### Given material
════════
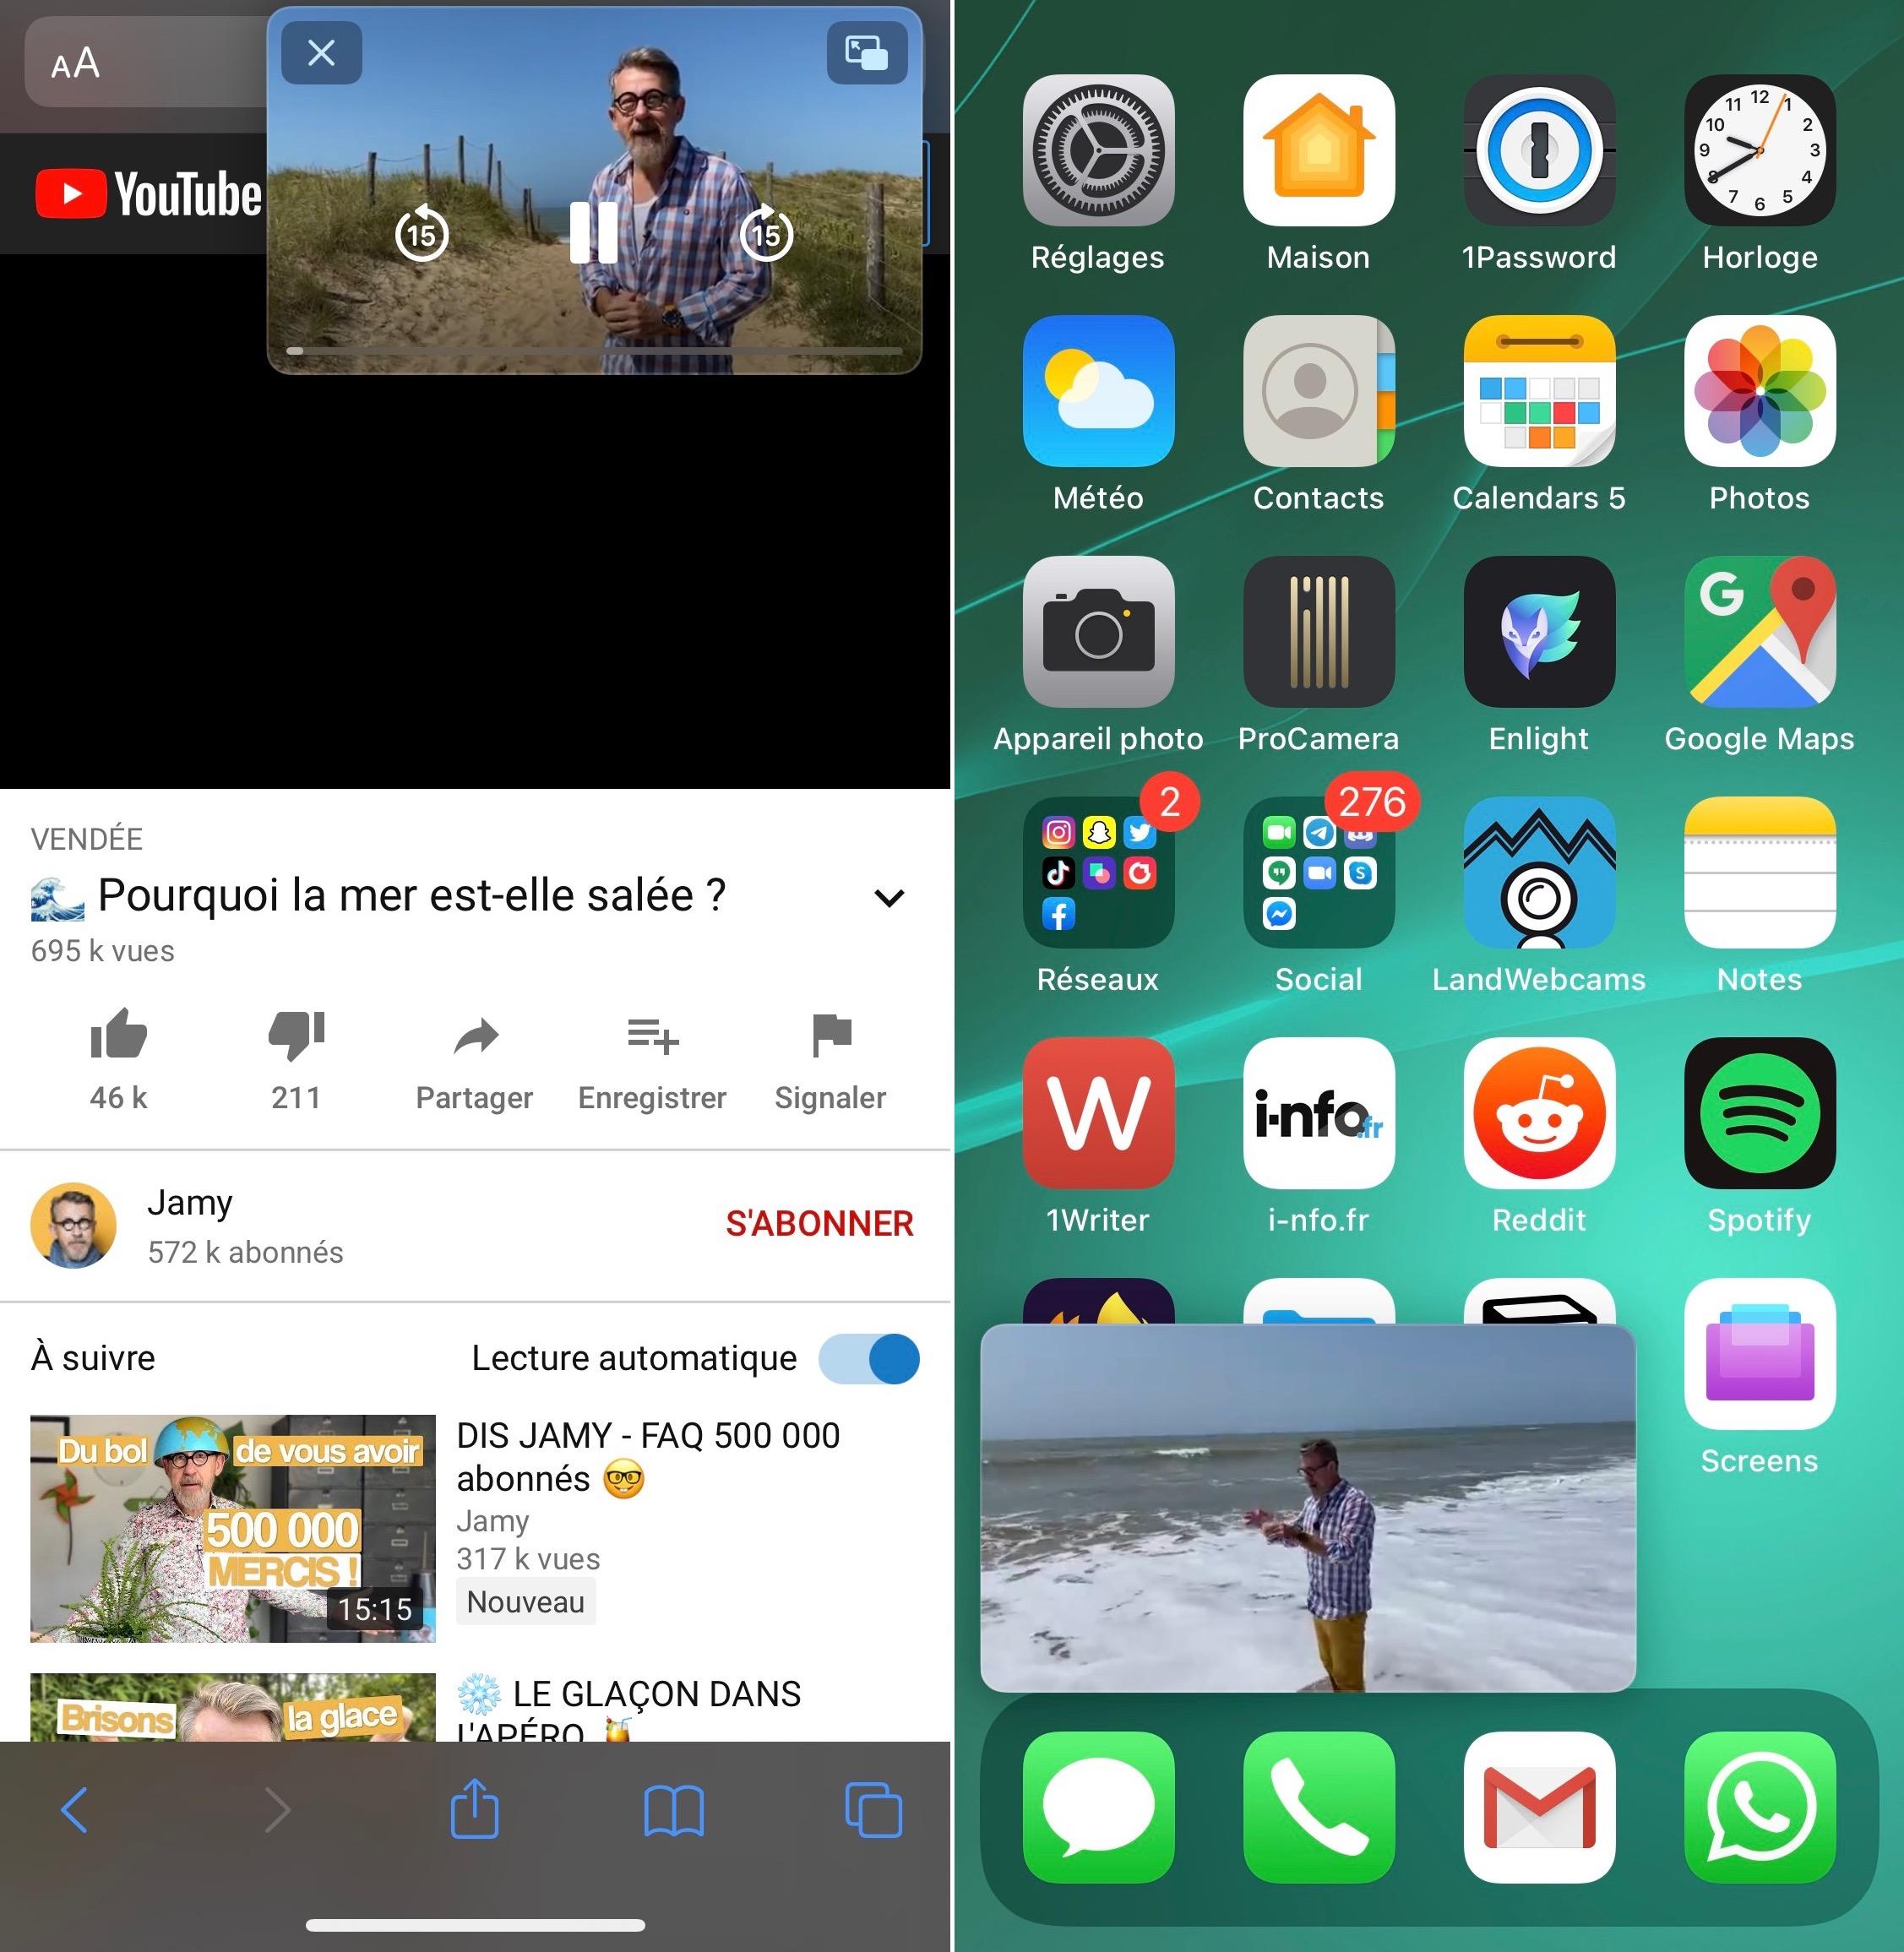 Image dans l'image sur iPhone
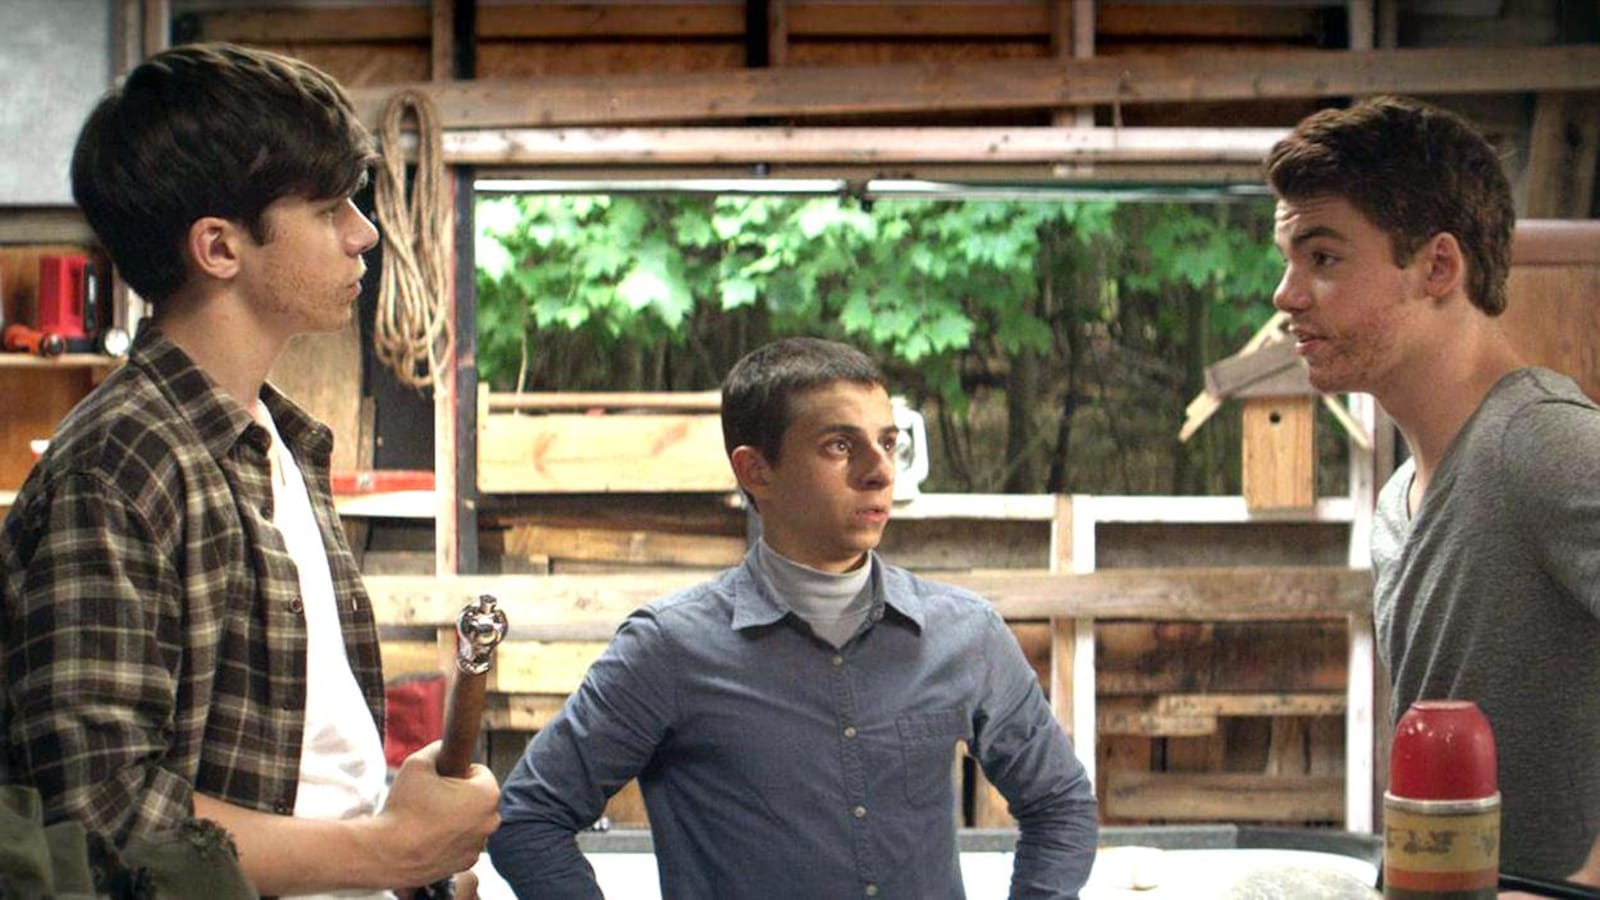 Trois jeunes garçons dans une cabane dans les bois.
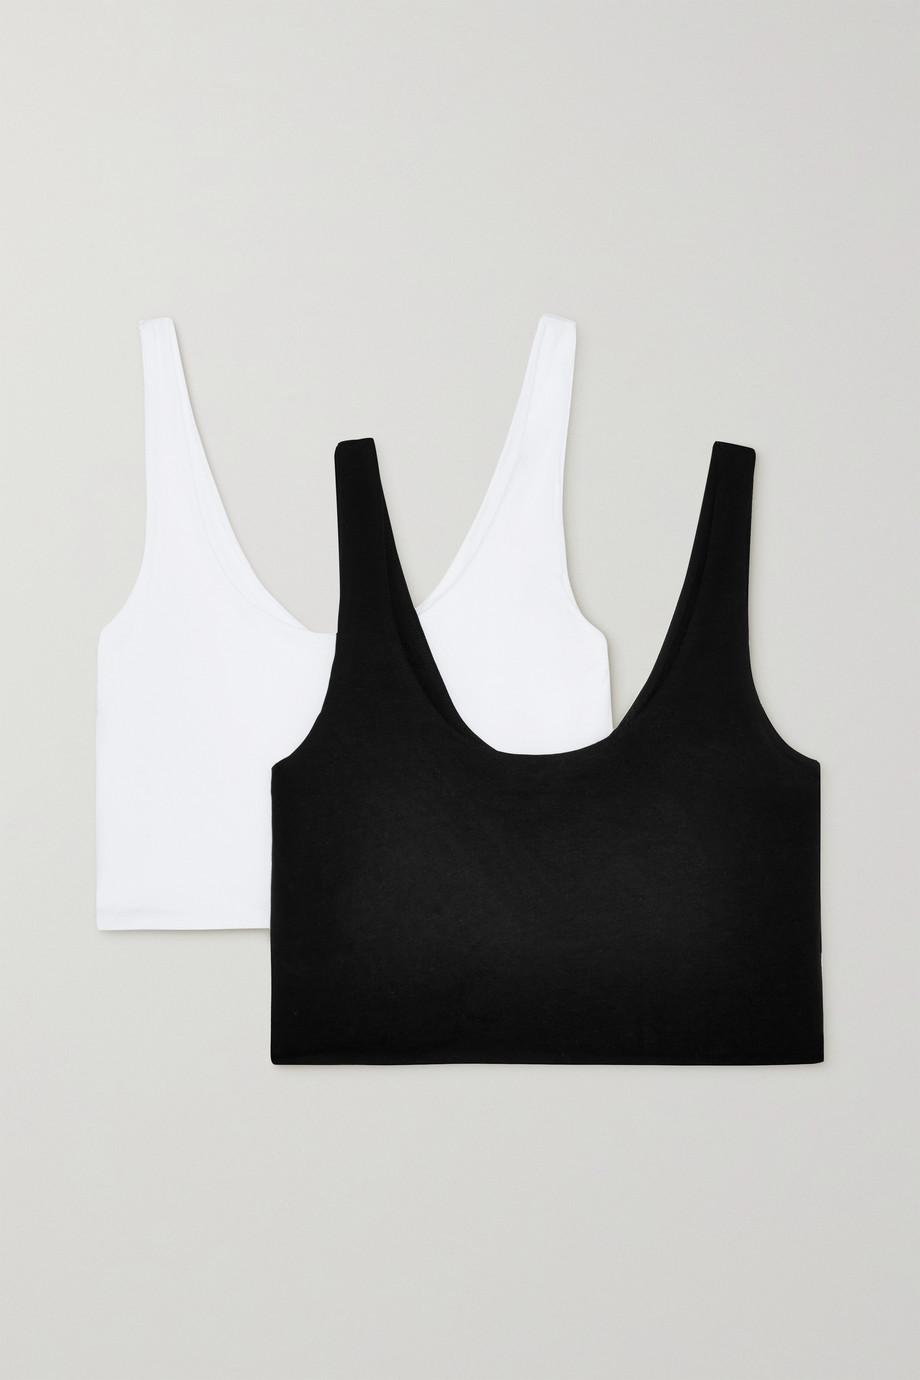 Skin Clio 弹力有机比马棉平纹布软杯文胸(两件装)
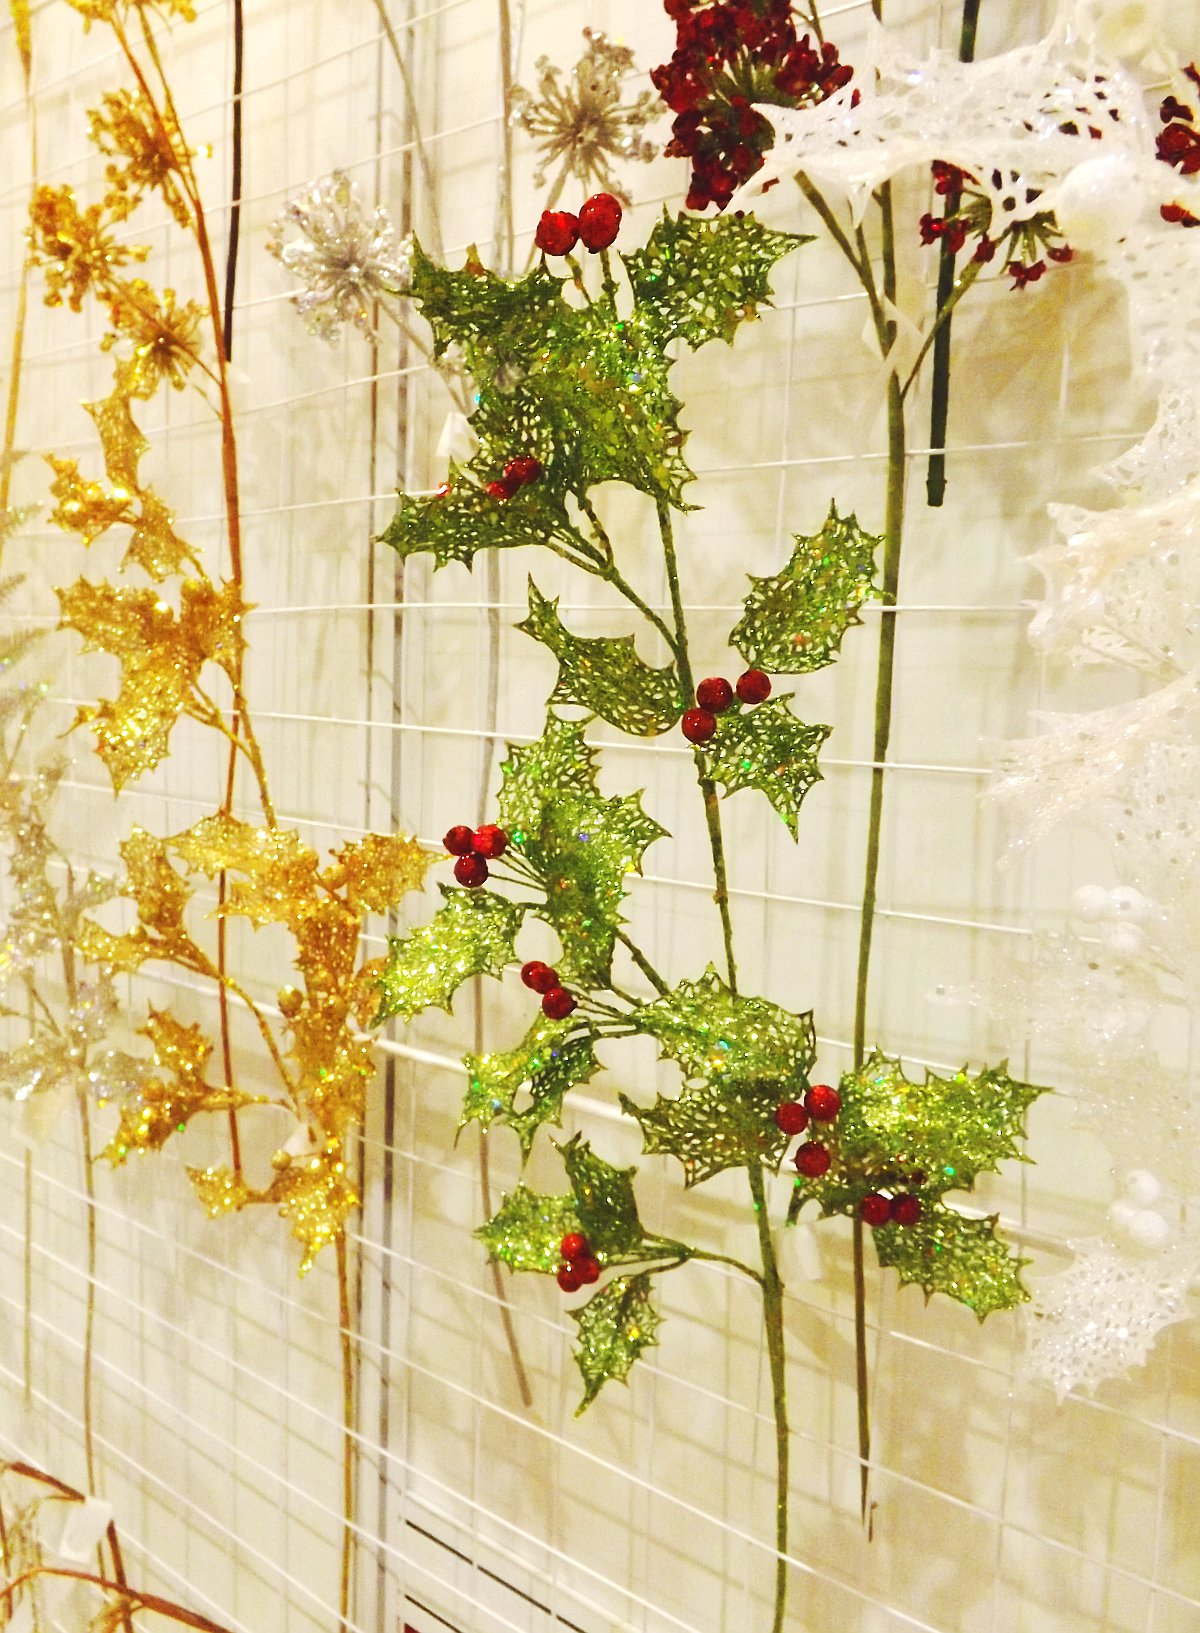 Интерьерные аксессуары от китайских производителей на выставке КонсумЭкспо-Зима 2015
════════
### Aim of the exercise
Reproduce the material above verbatim; omit every picture.

### Response area
 Image dans l'image sur iPhone
 Trois jeunes garçons dans une cabane dans les bois.
 Skin Clio 弹力有机比马棉平纹布软杯文胸(两件装)
 Интерьерные аксессуары от китайских производителей на выставке КонсумЭкспо-Зима 2015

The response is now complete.